Клянусь, что буду лечить больного согласно своим знаниям и великой власти человеческого врачевателя!
Клянусь устранять от доверенного мне больного всяческое зло и вред!
Клянусь вовеки — никому и никогда, невзирая на мольбы и стенания, — не давать в руки какого-либо яда!»
Хлебников обернулся ко мне, тихонько спросил:
— Наверное, никогда таких слов слышать не доводилось?
Я помотал головой, не отрывая глаз от лица Лыжина — в нем было озарение, в нем было счастье постигнутой навсегда самой важной тайны.

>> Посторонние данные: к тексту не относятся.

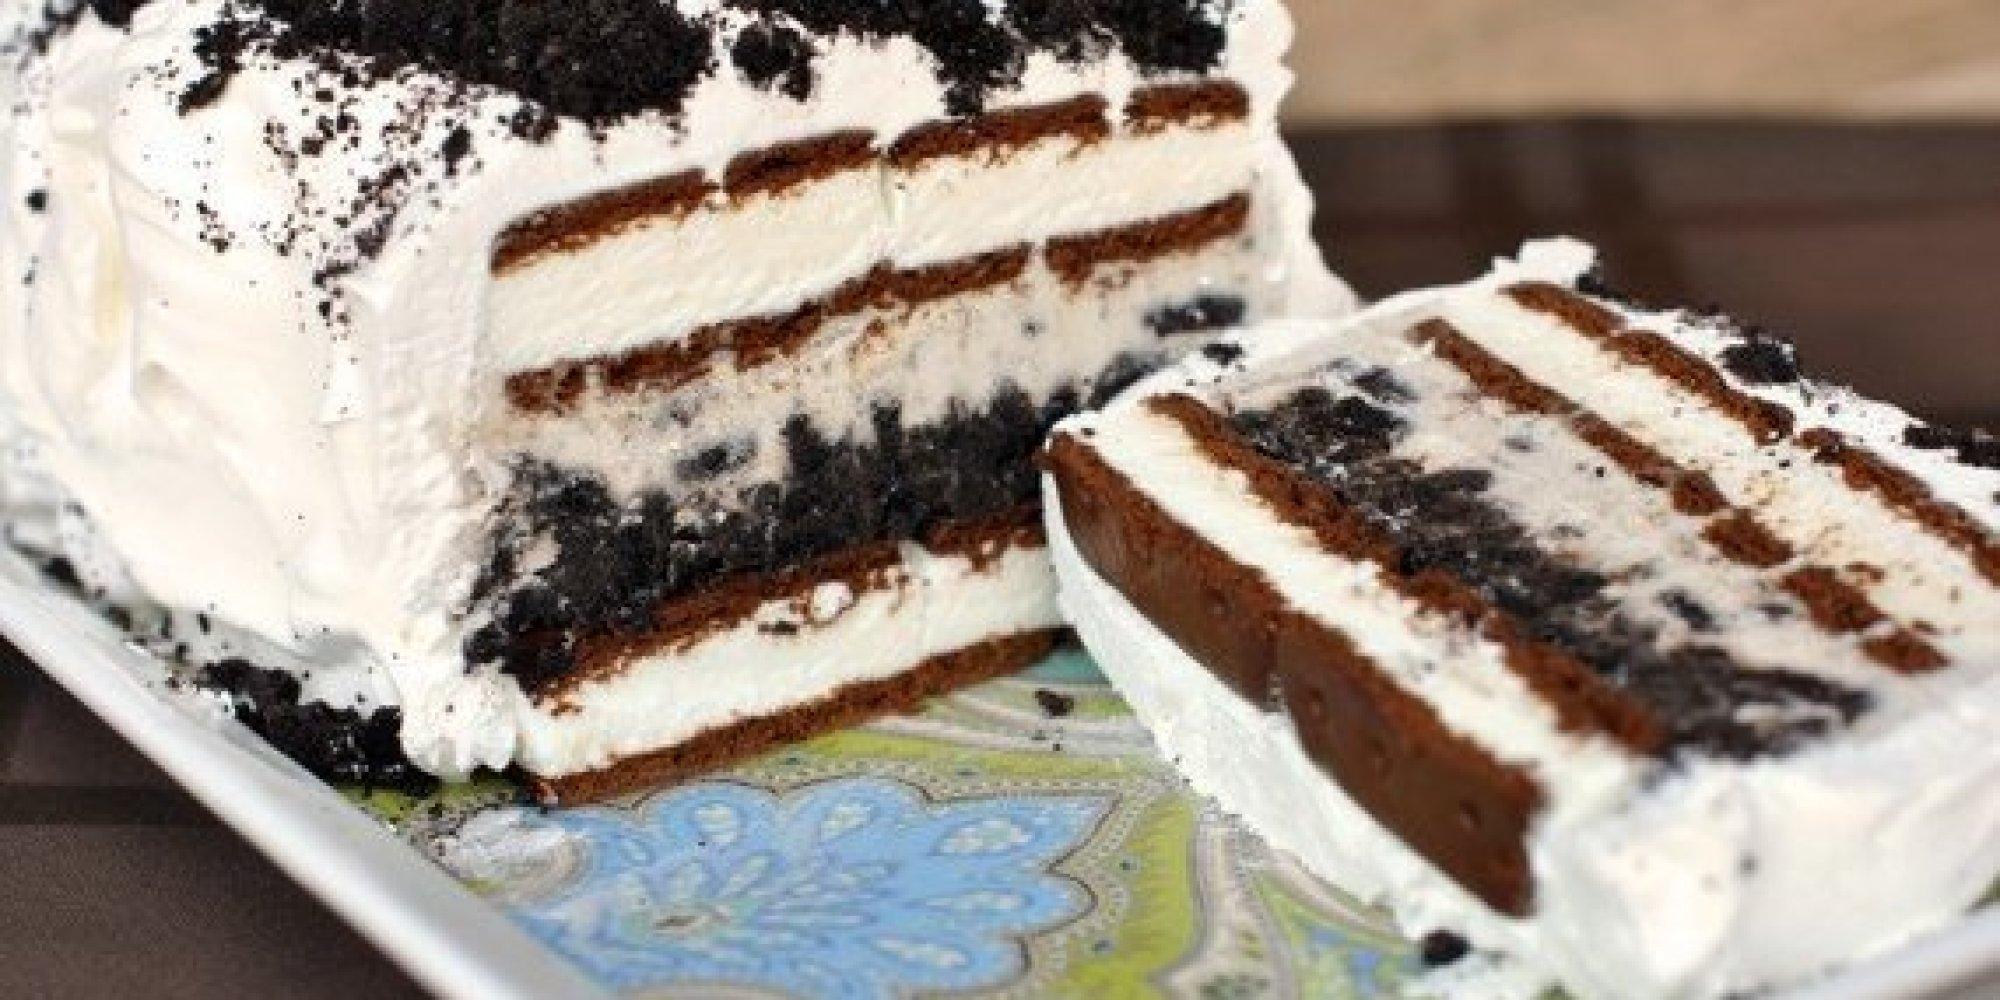 Homemade Ice Cream Cake For Birthday

— А слова эти называются клятвой Гиппократа, — сказал Хлебников.
ГЛАВА 17
Уехал домой Хлебников, погас свет почти во всех окнах лечебного корпуса, и охватило меня чувство огромного одиночества в этом пустынном больничном дворе с чахлым сквериком, утыканным тощими приземистыми облетевшими деревьями. Совсем, совсем никого здесь не было. Из-за домов сочился дымный отсвет никогда не гаснущего зарева над вокзалами, где-то мягко, вкрадчивым баском ревнул электровоз, с улицы доносился дребезг колес на разбитой мостовой. А здесь было тихо.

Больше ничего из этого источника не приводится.